This isn't just theory. The research produced:
- Verifiable model assignments for multi-model workflows (r = -0.81 correlation between authority resistance and fabrication)
- Reproducible behavioral tests across 11+ language models
- Pattern catalogs for matching encountered situations to known configurations
- Constraint-based tools that force novel outputs through strategic friction
Goal: Fact-check an external document using multi-model verification.
Requirements: Claude (UKE_G), Gemini (UKE_A), Copilot (UKE_R), source document
Workflow:
External Document
↓
UKE_G (analyze) → UKE_A (audit) → UKE_R (review)
Steps:
-
Generate analysis (Claude + UKE_G protocol):
- Prompt: "Operate under UKE_G v1.4. Analyze [document]."
- Output: Analysis with confidence scores, grounding trails, Omega variables
-
Audit analysis (Gemini + UKE_A protocol):
- Provide: Source document + UKE_G analysis
- Prompt: "Operate under UKE_A v1.4. Audit the following artifact:"
- Output: Audit report with fracture detection, verification results
- Gate: Must show "overall: compliant" or discard and regenerate
-
Review audit (Copilot + UKE_R protocol):
- Provide: Source + Analysis + Audit
- Prompt: "Operate under UKE_R v1.4. Review the following:"
- Output: Meta-evaluation with Omega resolution, decision routing
Expected Result: Verified analysis with identified uncertainties (Omegas), detected issues (fractures), and confidence-based routing.

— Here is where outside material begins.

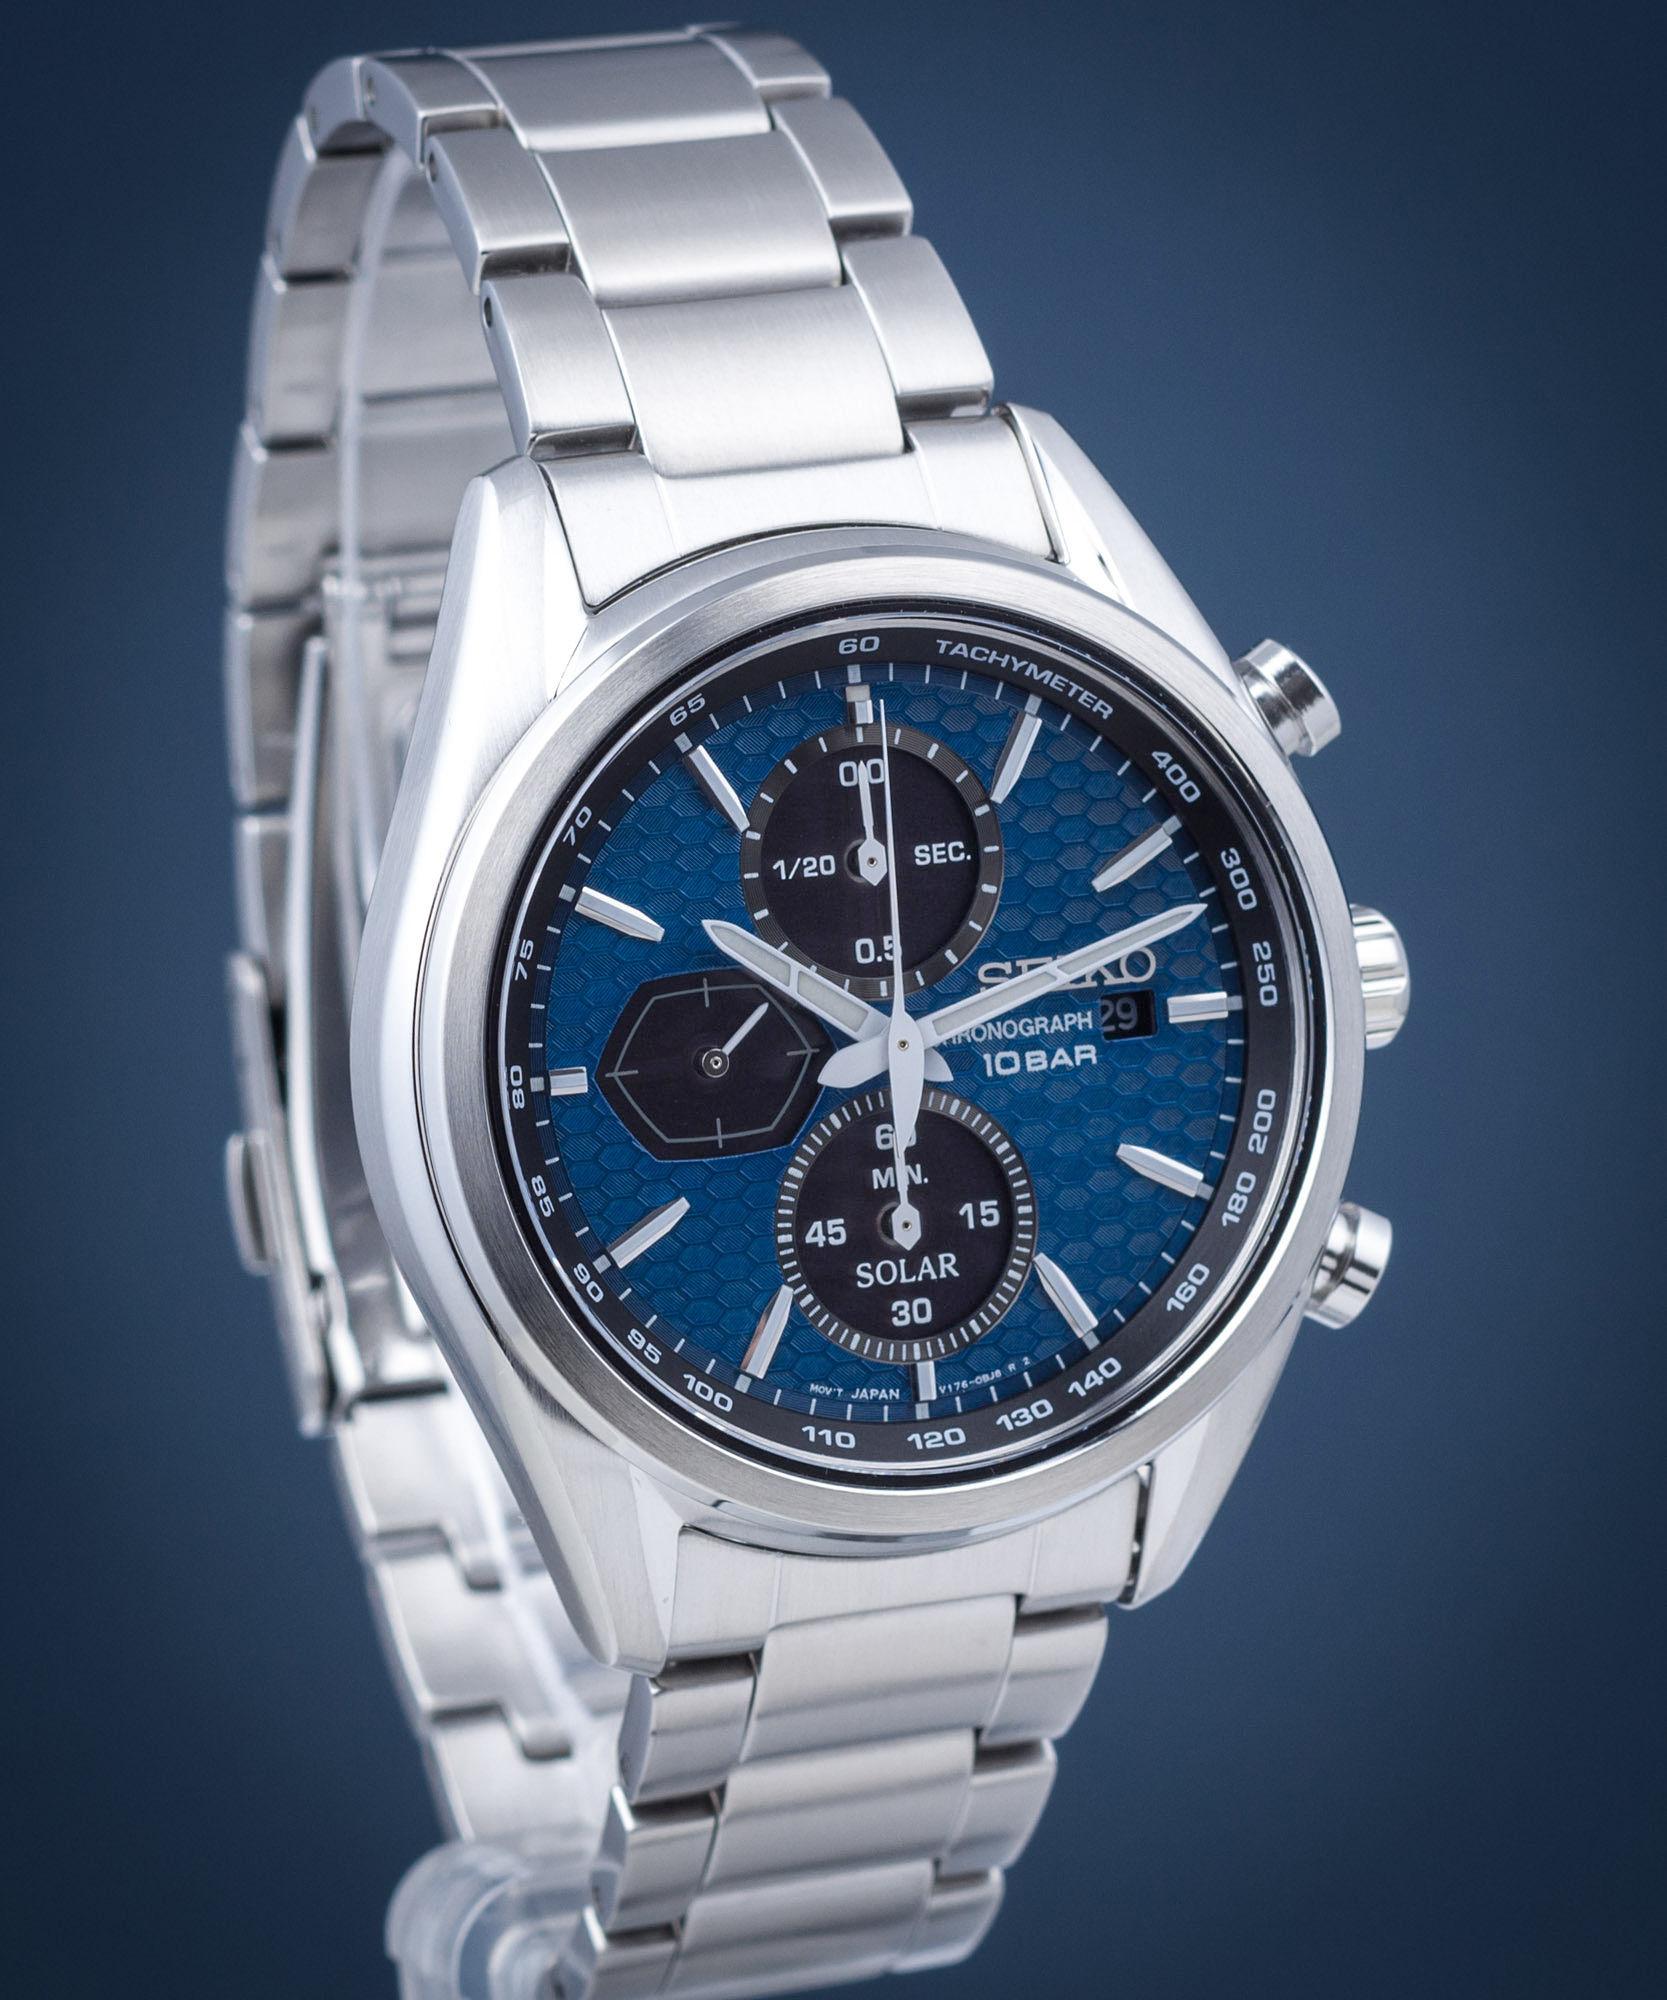 Zegarek męski Seiko Solar Chronograph

Why this works: Models have empirically distinct behavioral profiles. High authority-resistance models (5-6/6) are assigned to verification roles where fabrication would compromise the chain. See correlation findings.
Goal: Convert conversation/research into a verified document.
Requirements: Any 4+/6 model for synthesis, Claude/Gemini/Copilot for verification
Workflow:
Conversation/Research
↓
UKE_D (structure) → UKE_E (edit) → UKE_G (format) → UKE_A (audit) → UKE_R (review)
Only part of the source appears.